Transcribe the entries below exactly, starting with the line that has "[BST] Những mẫu" and stopping after the line that has "Redesign of Local"; no pictures belong in the copy.
----- Entries supplied
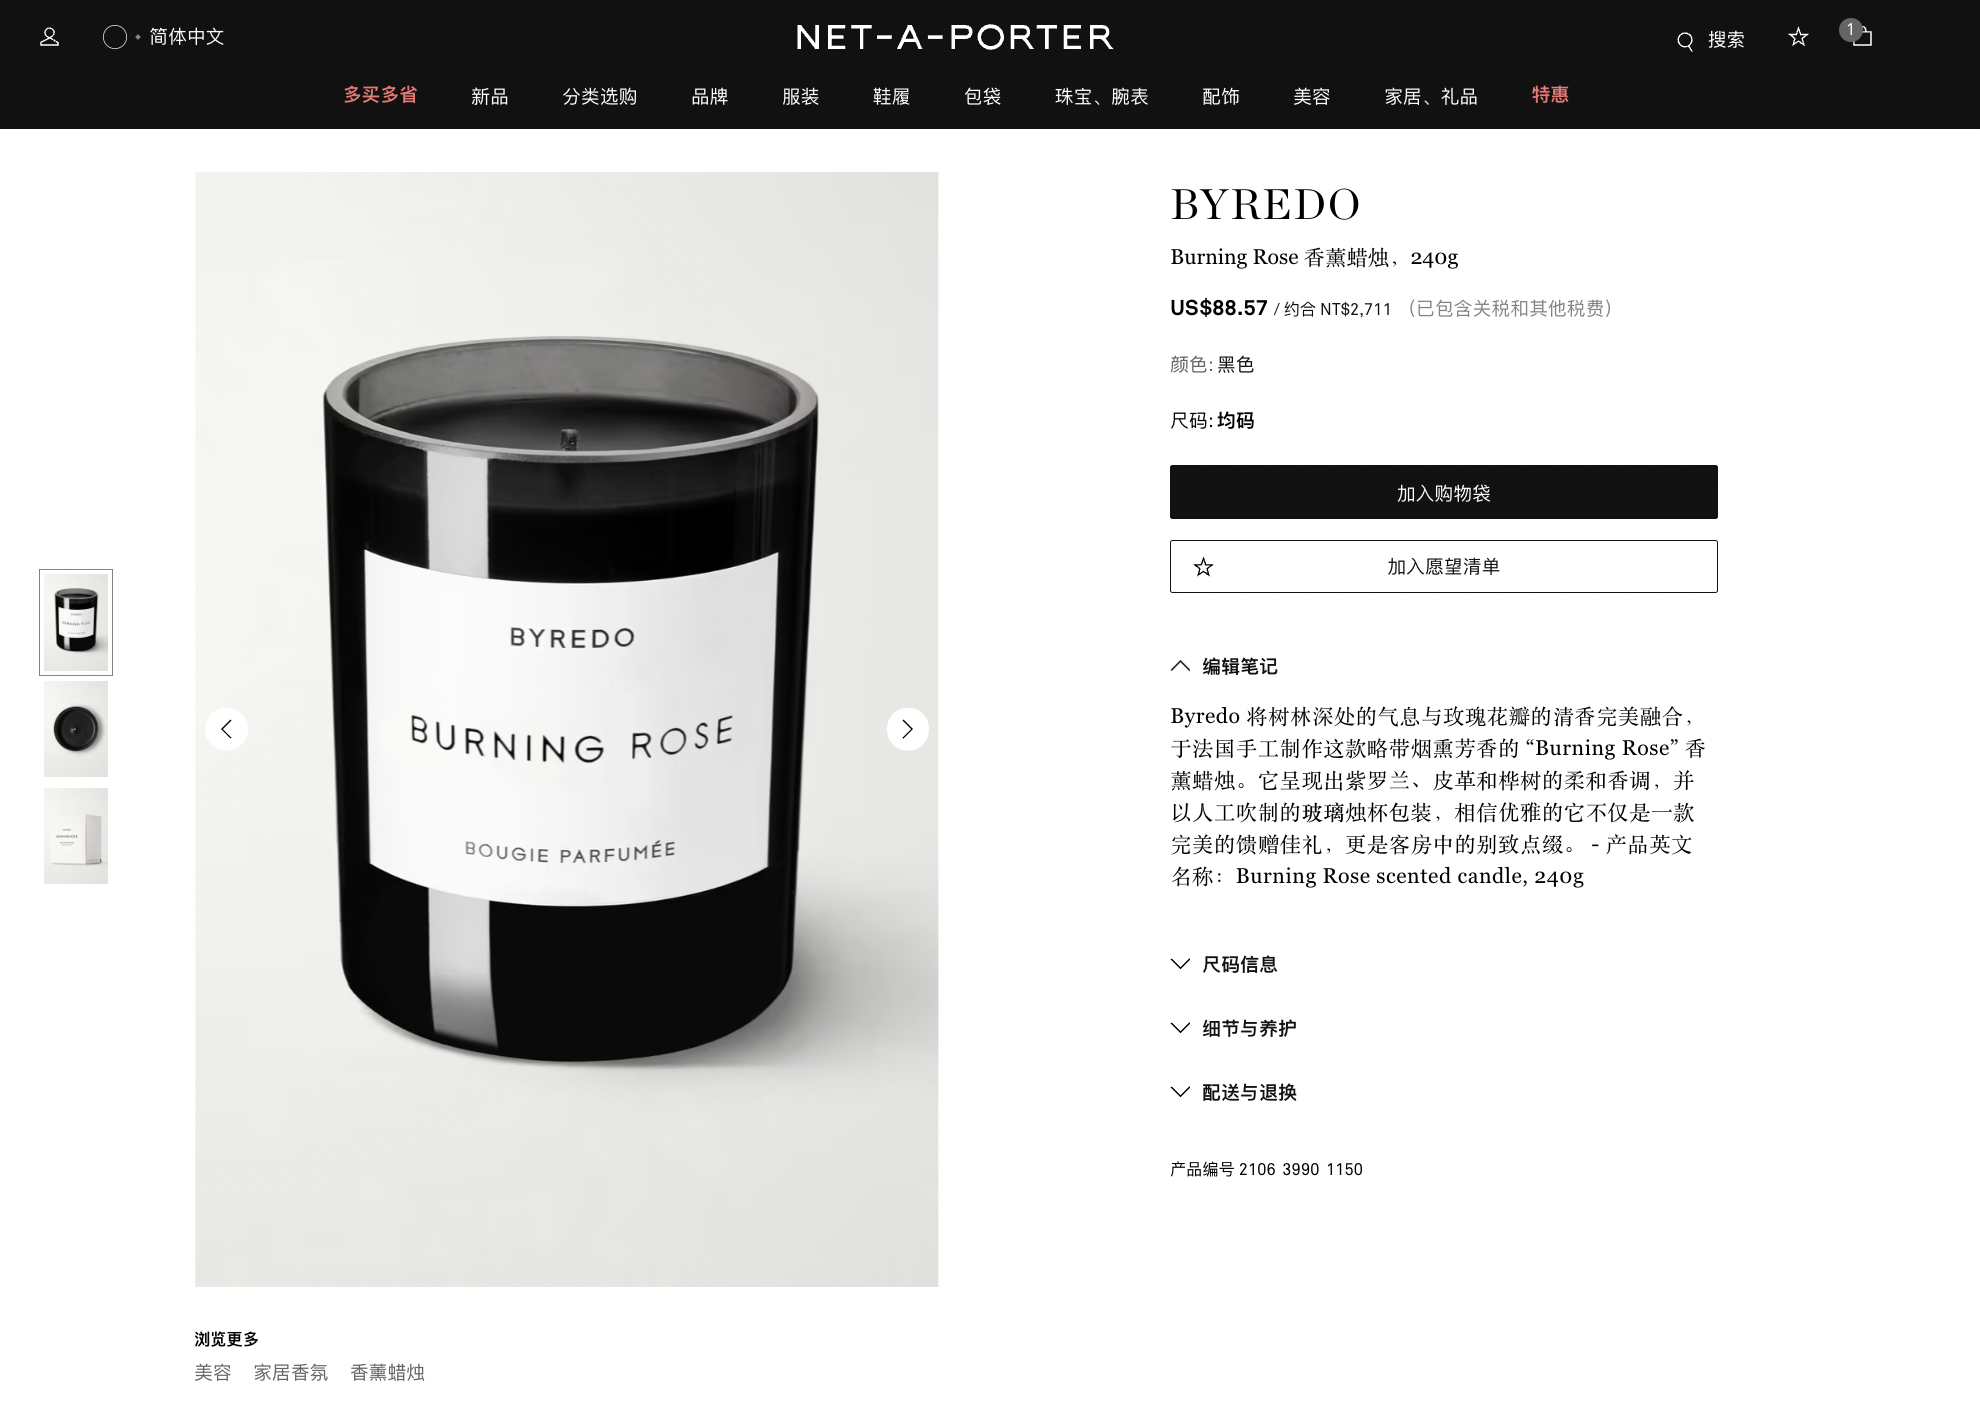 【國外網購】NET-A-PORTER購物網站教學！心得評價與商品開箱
----------
----- Entries supplied
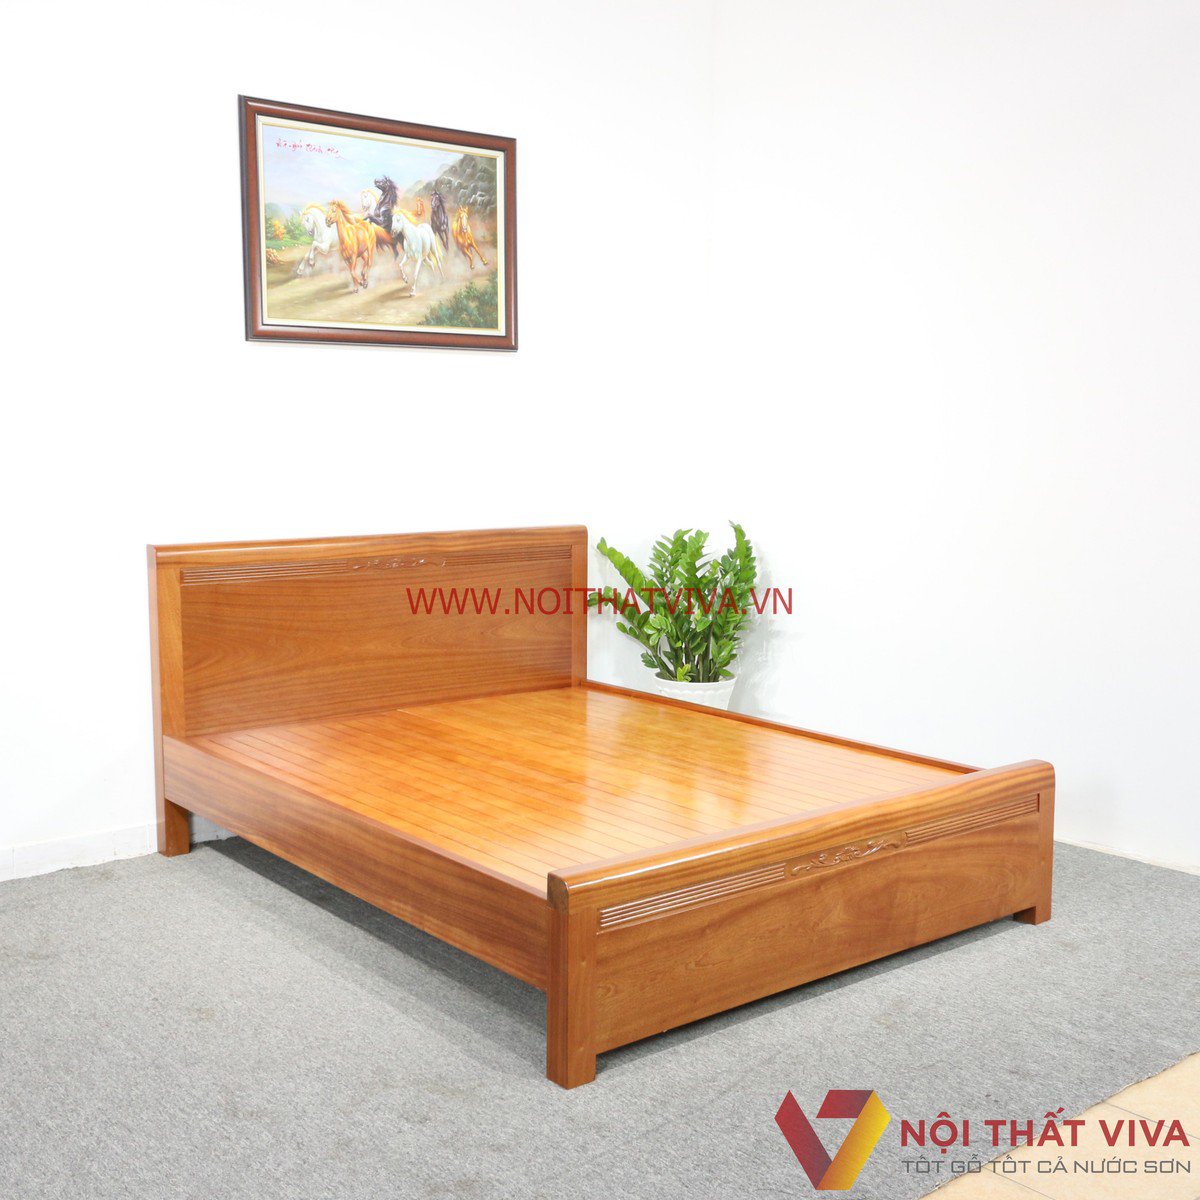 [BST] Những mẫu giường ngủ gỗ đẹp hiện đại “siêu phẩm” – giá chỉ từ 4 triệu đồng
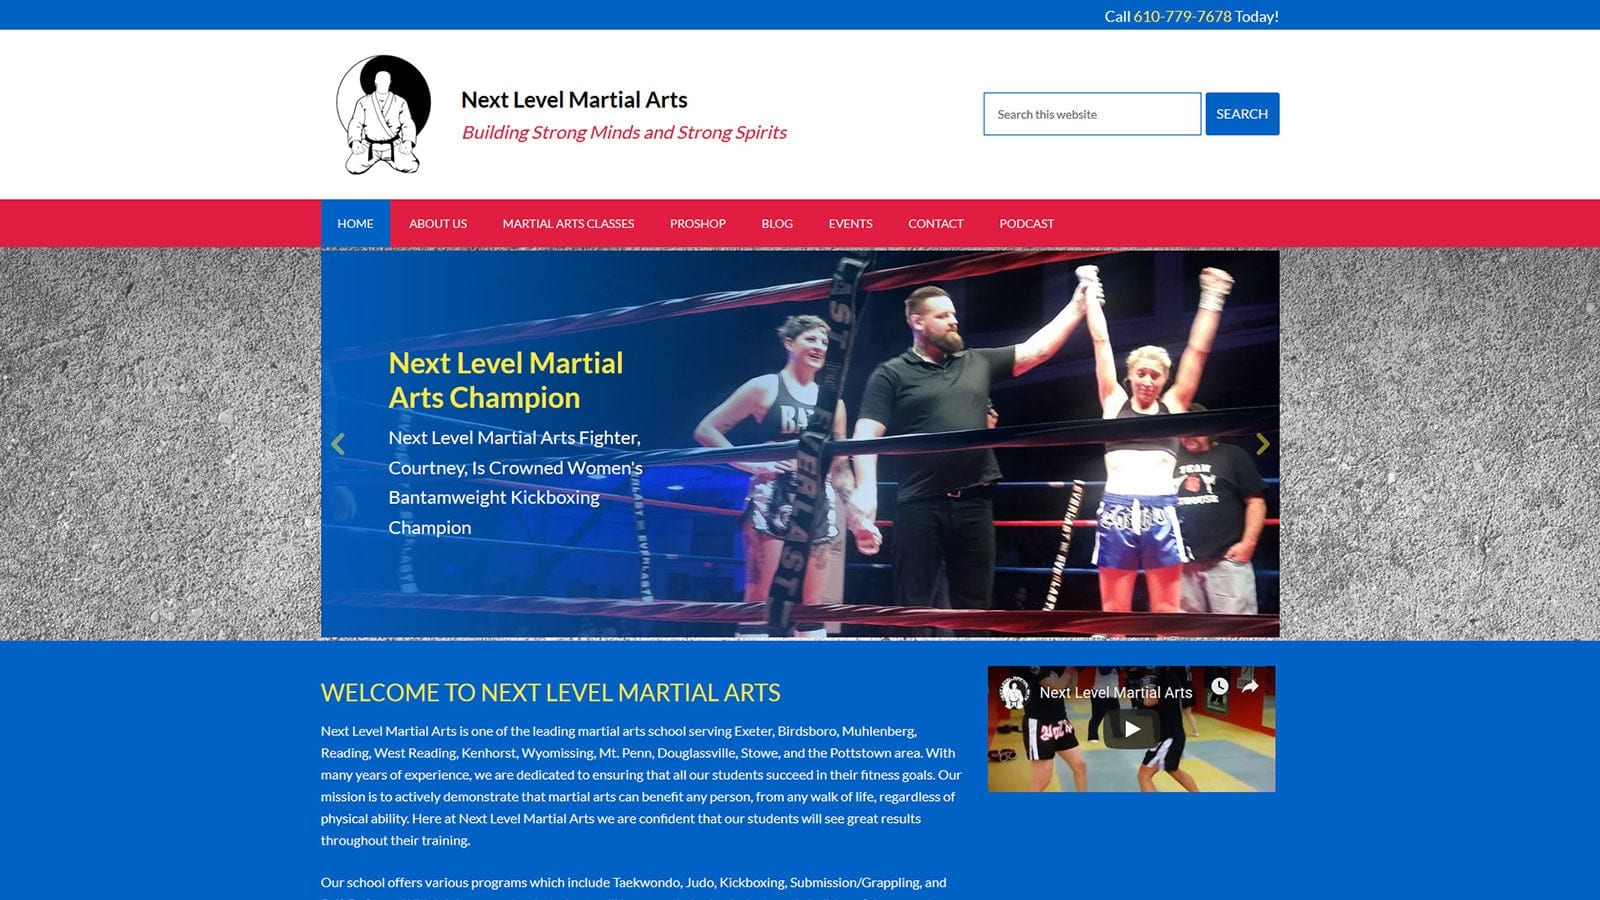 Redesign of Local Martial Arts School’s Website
----------
----- Entries supplied
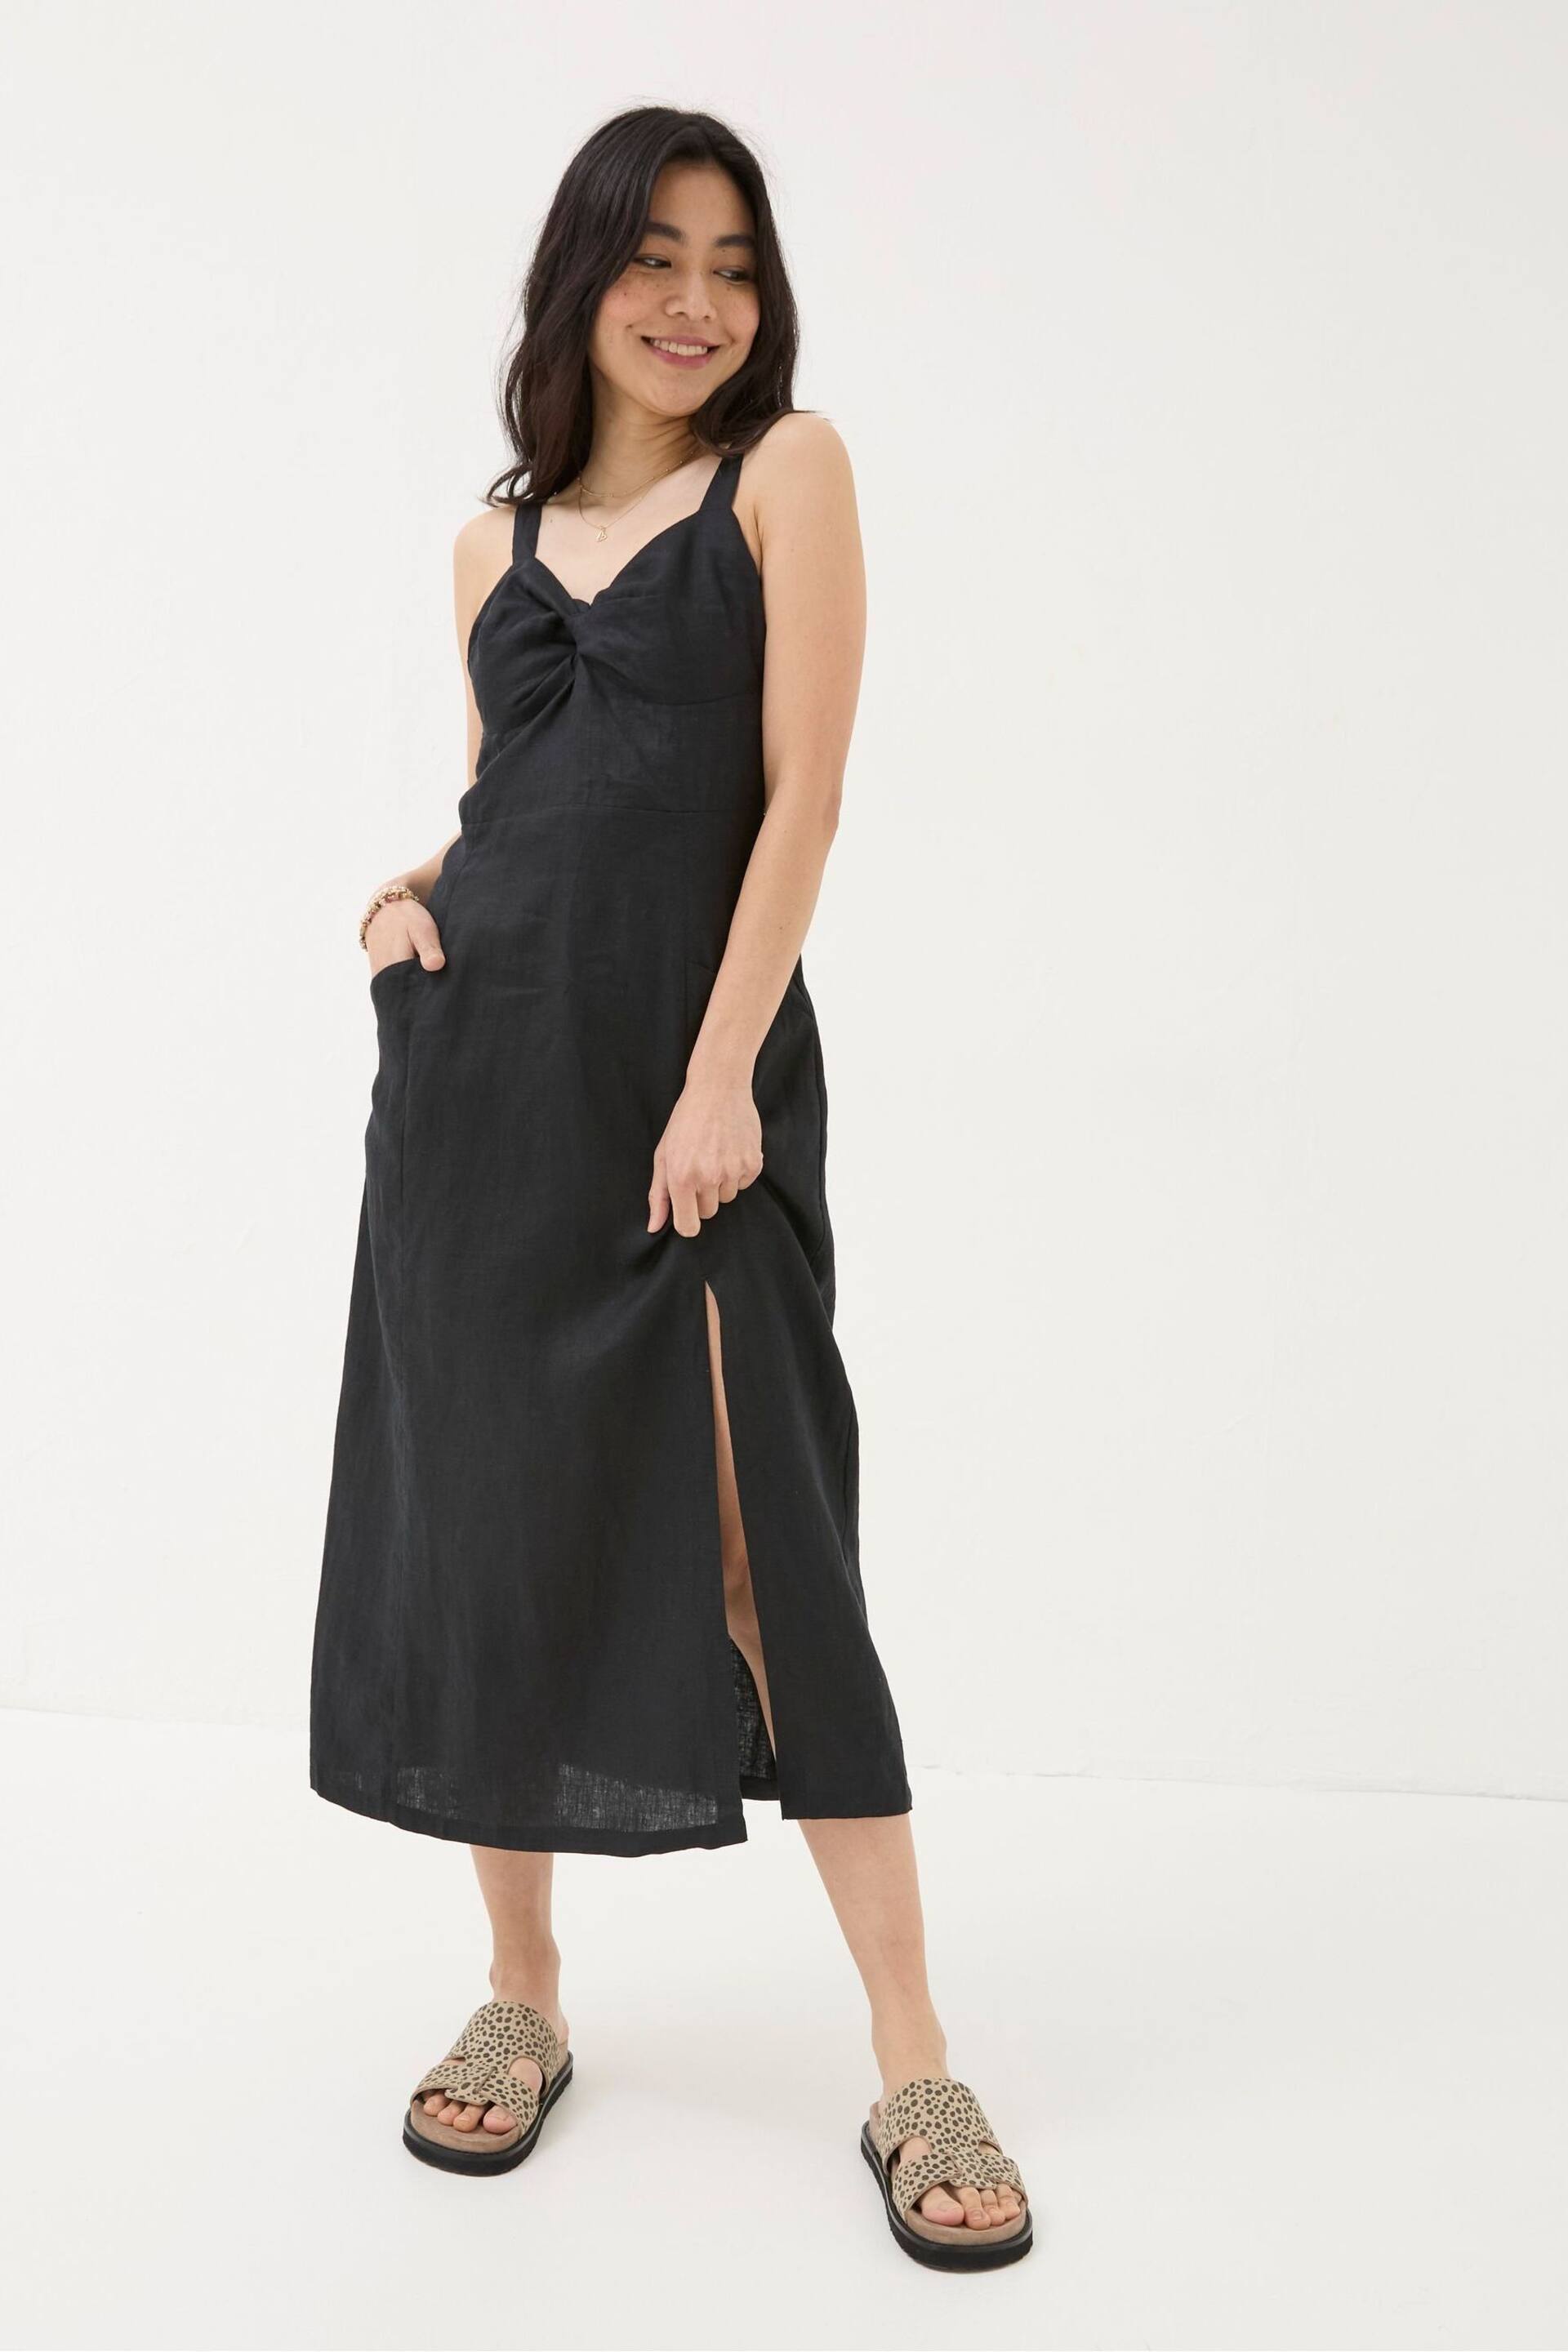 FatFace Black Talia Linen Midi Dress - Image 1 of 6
----------
Task output:
 [BST] Những mẫu giường ngủ gỗ đẹp hiện đại “siêu phẩm” – giá chỉ từ 4 triệu đồng
 Redesign of Local Martial Arts School’s Website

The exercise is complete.